__Dataset content__
● ● ● ● ●

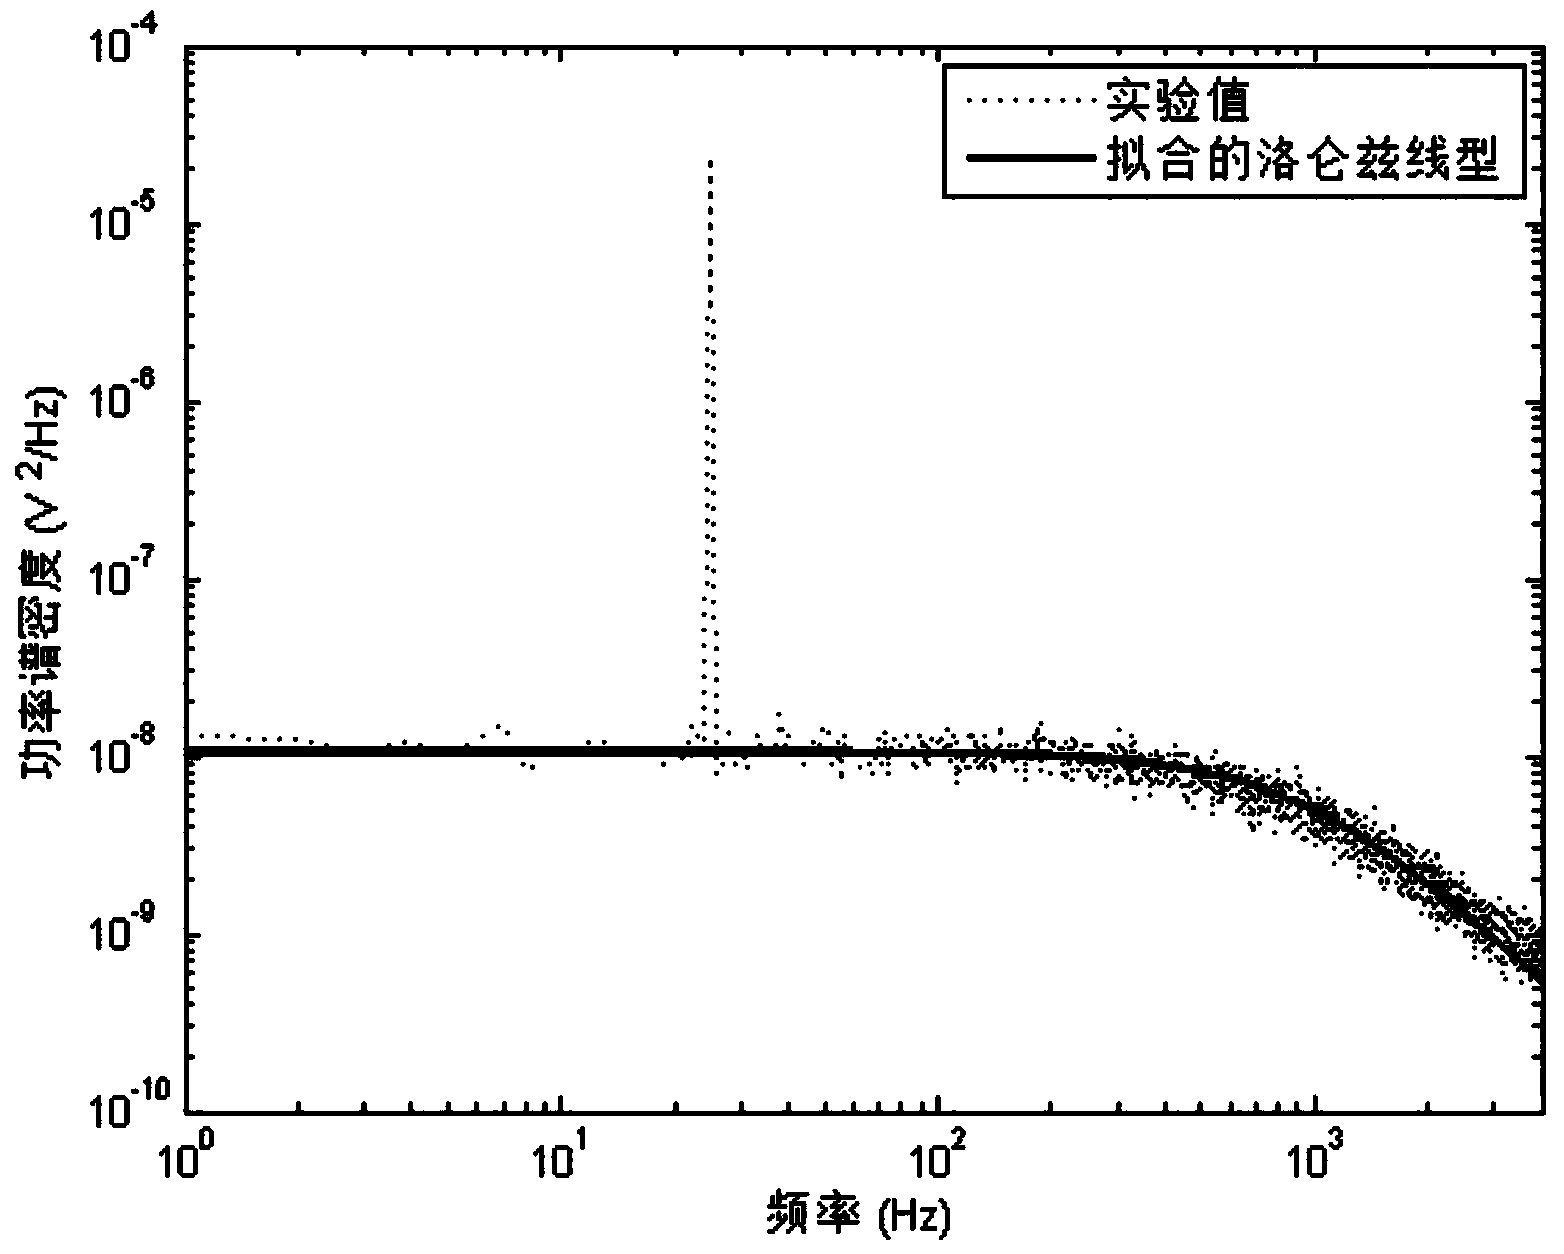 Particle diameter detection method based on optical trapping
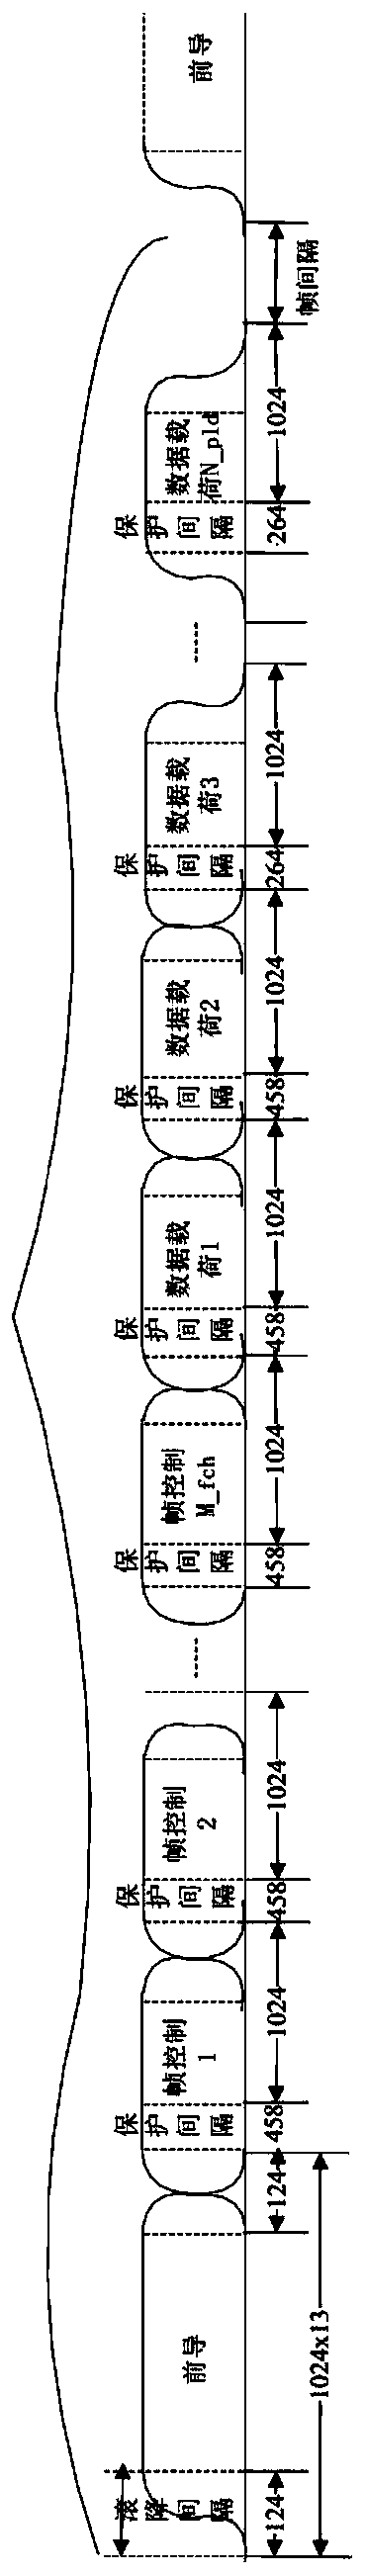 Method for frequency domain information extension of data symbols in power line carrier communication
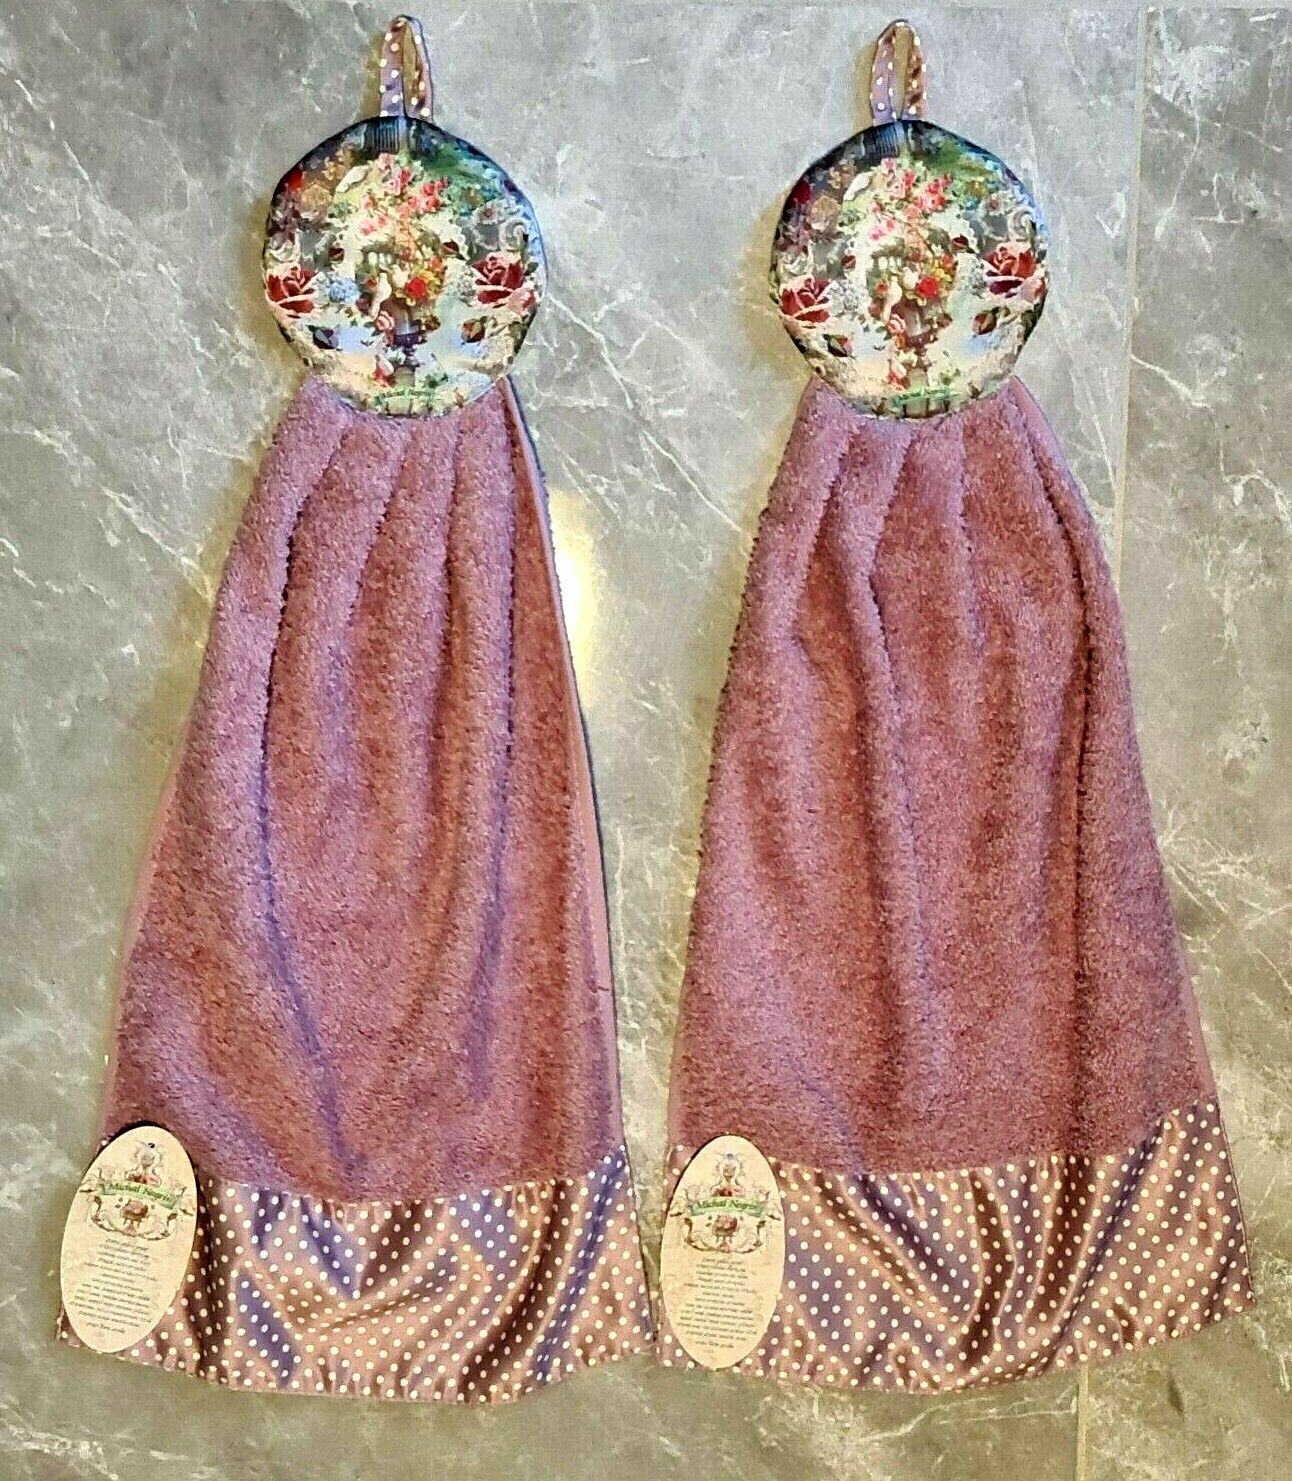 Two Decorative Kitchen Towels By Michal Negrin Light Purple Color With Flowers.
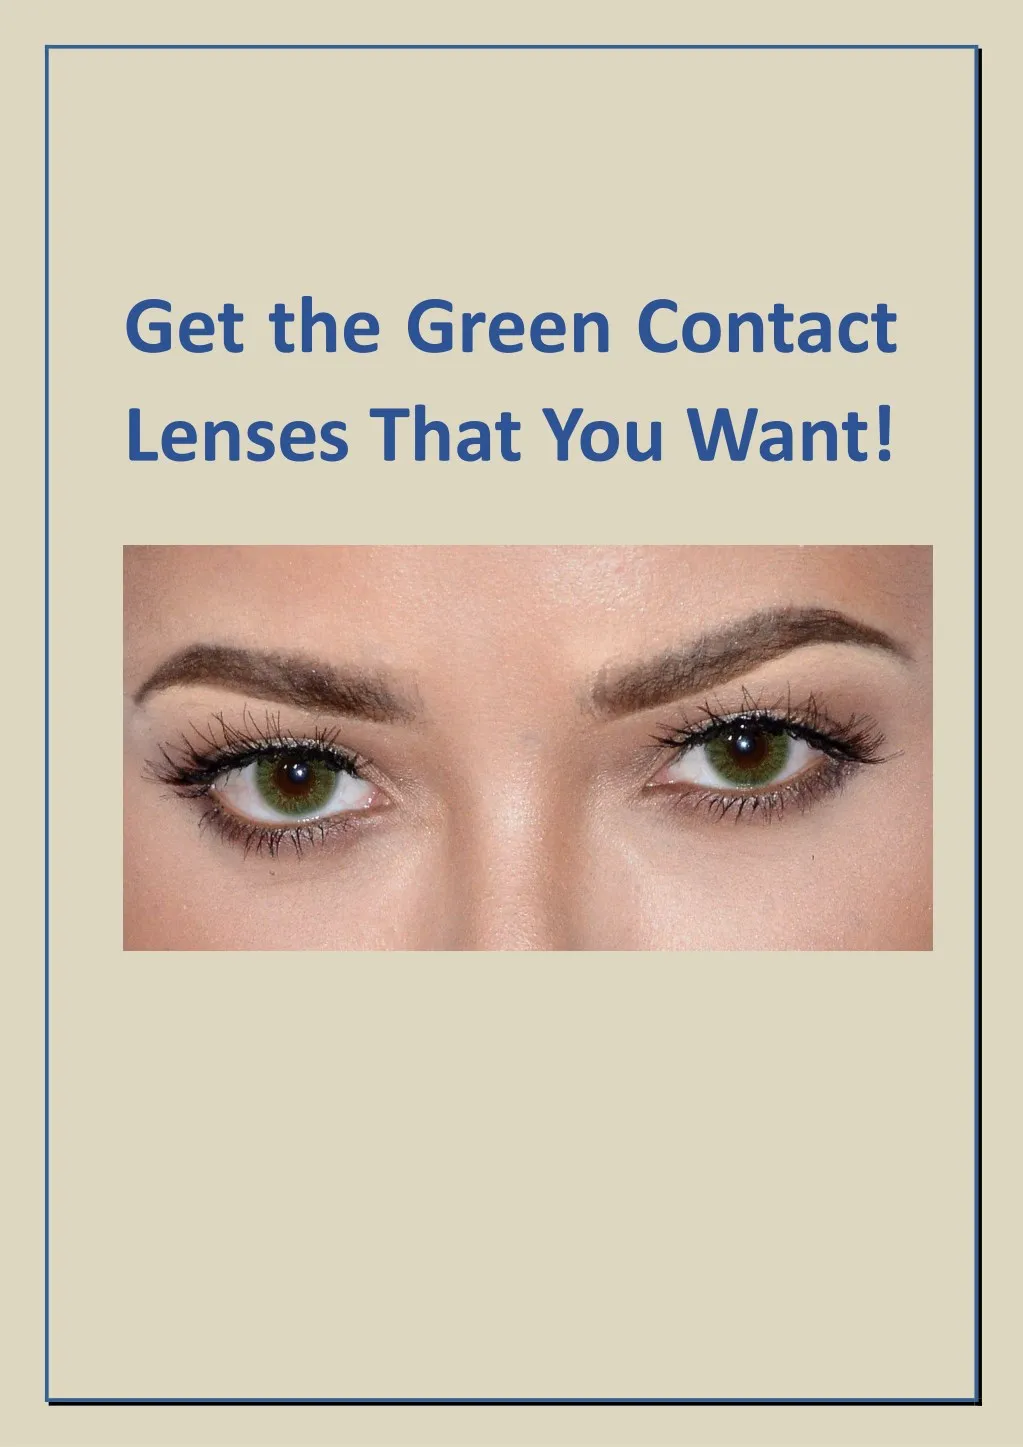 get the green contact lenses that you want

● ● ● ● ●

__Task statement__
All of the listing above must be output exactly, except for its pictures.

__Result of this task__
 Particle diameter detection method based on optical trapping
 Method for frequency domain information extension of data symbols in power line carrier communication
 Two Decorative Kitchen Towels By Michal Negrin Light Purple Color With Flowers.
 get the green contact lenses that you want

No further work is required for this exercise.